= Verysdale =

Verysdale is a part of medieval England which is mentioned in the early ballads of Robin Hood (especially the ballad A Gest of Robyn Hode, in which a friendly knight, Richard at the Lee, befriends the gallant outlaw and later is revealed as the lord or Earl of Verysdale). Verysdale may be entirely fictional, or it may be based upon a real county with some basis in geographical reality, or it may even have been a term used to refer to a real county. Scholars and historians are divided as to this, as well as the exact supposed location of Verysdale.

Some believe the location of Verysdale was somewhere in the Peak District (the ballad would seem to suggest so), although there are many suggestions and theories. Locations in West Yorkshire, South Yorkshire, Nottinghamshire, Derbyshire, Lancashire, and Cumbria have all been suggested. One scholar equated Verysdale with Wensleydale whilst another equated it with Kirklees.
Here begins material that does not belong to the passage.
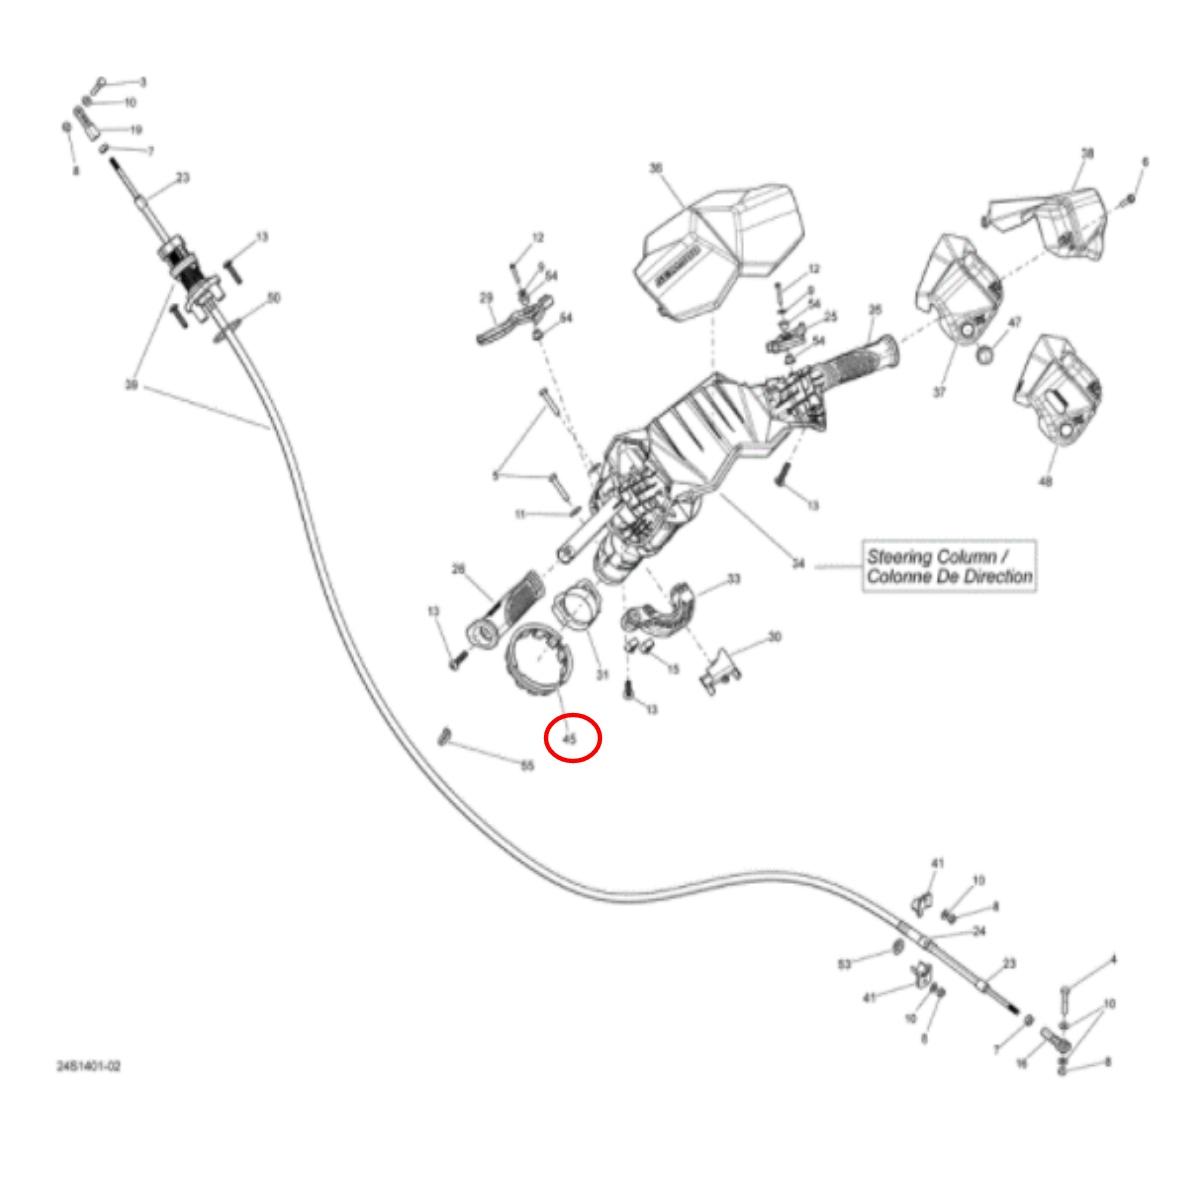 Bucha do Guidão Para Jet Sea Doo  - Radical Peças - Peças para Jet Ski

Also mentioned in the same ballad was "Uterysdale", which has been identified by some as relating to the village of Lee in the Wyre valley - Wyresdale (Lancashire) and references to Richard de Leghs [Leghe] in Lancashire to one in the village of Woodhouses (since 1974 in Greater Manchester) during the early 13th century. This bears a similarity to the title "Richard at the Lee" who is said to have been the lord of Verysdale.